1949年以后,台大的哲学系有方东美、陈康诸先生。
陈康是亚里士多得专家,几年后就去了美国,在台大没有影响。
方先生年资最高,读书最博,但在使台大哲学系走上轨道的问题上,他尽了多少责任(──这与他个人性格有关,牟认为不便多说),则不无可疑。
而台大哲学系还是清华、北大的那一套老传统,以西方哲学为主,但并没有成就。
二战以后, 真正能把哲学当哲学读而进去的人很少。
一般人到国外去,读西方哲学不能入,对中国哲学(由于平素心存鄙视)无基础,甚至连熏习也说不上。
“对西方哲学无所得,对中国哲学无所知,这是二次大战以后念哲学的风气。
”
总之,民国以来的哲学界是以西方哲学为主的,只注意了西方的“知识中心”的逻辑思辩,接触到了一些逻辑问题、科学问题、以及外在的思辩的形而上学的问题,而并没有注意生命的问题。
特别是经过新文化运动以后,“中国文化生命所结晶成的那套实践的学问,便真斩绝了,成了一无所有。
”所
以,“中国的思想界大体是混乱浮浅而丧其本”。
[11]
从以上的叙述可以看出,牟宗三对民国以来中国的大学哲学系进行了初步的估价
,──以清华、北大、中央、台大为中心,而尤以对他的母校系北大哲学系的评述为详,并由此而对中国哲学界发表了评论,他的评价甚低,这与冯友兰在《三松堂自序》中对北大、清华哲学系的评价适成鲜明对比。
无疑,牟宗三对中国大学的哲学系不重视中国哲学表示出强烈的不满,他的评价,给人一种印象,他好象不赞成中国大学的哲学系以讲西方哲学为主,甚至还会让人造成他轻视西方哲学的错觉。
其实,他十分重视西方的哲学和逻辑,他本人就是一个典型的例子,甚至他明确地说过:“以西方哲学为主不算坏,要真能训练出来,那很好”。

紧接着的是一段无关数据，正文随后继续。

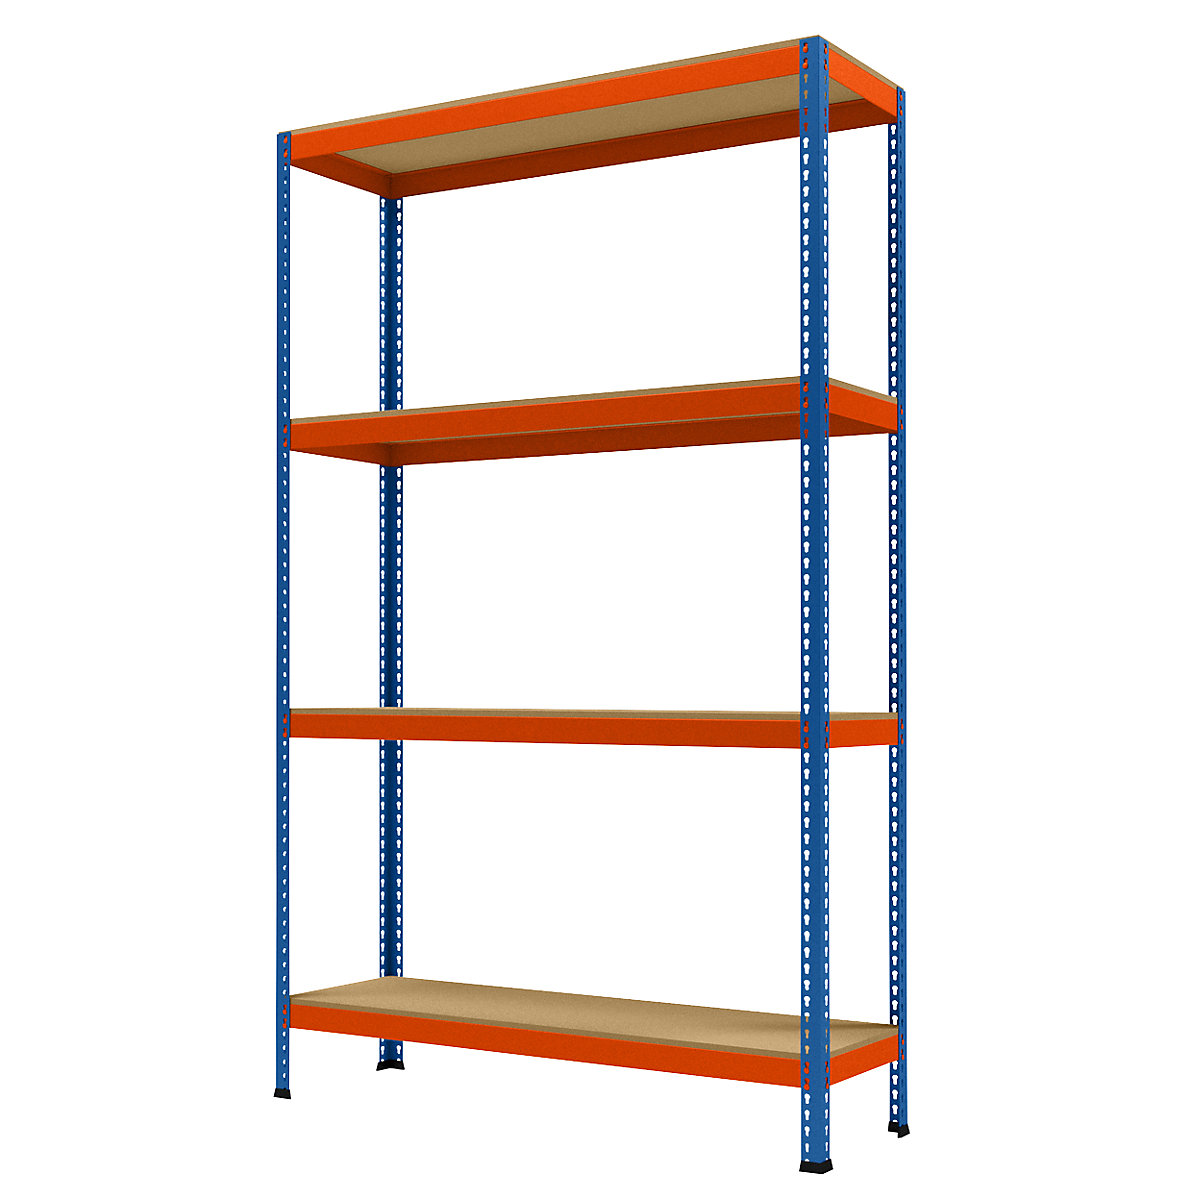 Wide span heavy duty shelving, height 2438 mm, overall depth 468 mm, width 1536 mm

[12]他认为西方哲学的训练是必要的,非经过不可,对西方哲学的认识越深入,对中国哲学的理解就会越透辟,但是对西方哲学的训练是否只是一般性地读读逻辑学、哲学概论和哲学史,他保留了他自己的看法。
牟宗三对中国哲学界的反省、检讨、是与
他对“五.四”新文化运动的估价在一起的。
应该说,他对中国大学的哲学系与哲学界的哲学反省是真诚的,严肃的,所站的位置极高,不乏深刻与独到,常常切中
问题的要害,发人深思,他讲话一任天机,但他这项工作尚不够深入、系统和严谨。
然而,牟氏没有否定民国以来,中国也出了几个称得上哲学家的人物。
二
在早年,牟宗三就在他主编的《广州民国日报》的专栏上,以哲学家为对象而对中国哲学界发表过重要评论。
对牟宗三来说,能称得上哲学家的人,
必须是确有见地能成系统的人。
在他看来,这样的人,中国不多,“五·四”时期一个也没有,但在“五·四”以后有三位,他们是熊十力先生、张东荪先生、金岳霖先生。
三位先生分别代表了三种学问:熊先生代表元学,张先生代表知识论,金先生代表逻辑。
牟氏认为,熊先生跳出了儒学和佛学的两个传统,且超越了这两个
传统,正是在此超越点上显出熊为真正的哲学家。
“元学的极致是安体立用,哲学家的极致在通晓天人。
着重点在乎理解与说明。
哲学家立论必须要贯通,所以得证体;……得立用、得明用。
”[13]而佛家或儒家,同是只作了半篇文章,一成了宗教家,一成了道学家,而都不能算是着哲学家。
[14]在此可以看出,牟氏中后期(50岁以后)对儒学的理解与此截然有别,确切地说,他放弃了早期这种对儒佛的
见解。
这是不可不辨的。
牟氏极力称赞熊的《新唯识论》(1932)是“划时代开新纪元的作品”[15],认为他从玄学上究明体用,使科学的真理得所汇归或依附,是一件“不得了”的大事,与熊子本人的评价若合符节。
他还把熊子与西方的柏格森、怀特海,和中国的胡煦相比拟,推许他们的哲学皆能安体立用,证体明相,而臻于元学的极致。
这表现了牟氏早年受怀特海、柏格森的影响之甚深,而他在其处女作中特出胡煦的易学,则为极佳的明证。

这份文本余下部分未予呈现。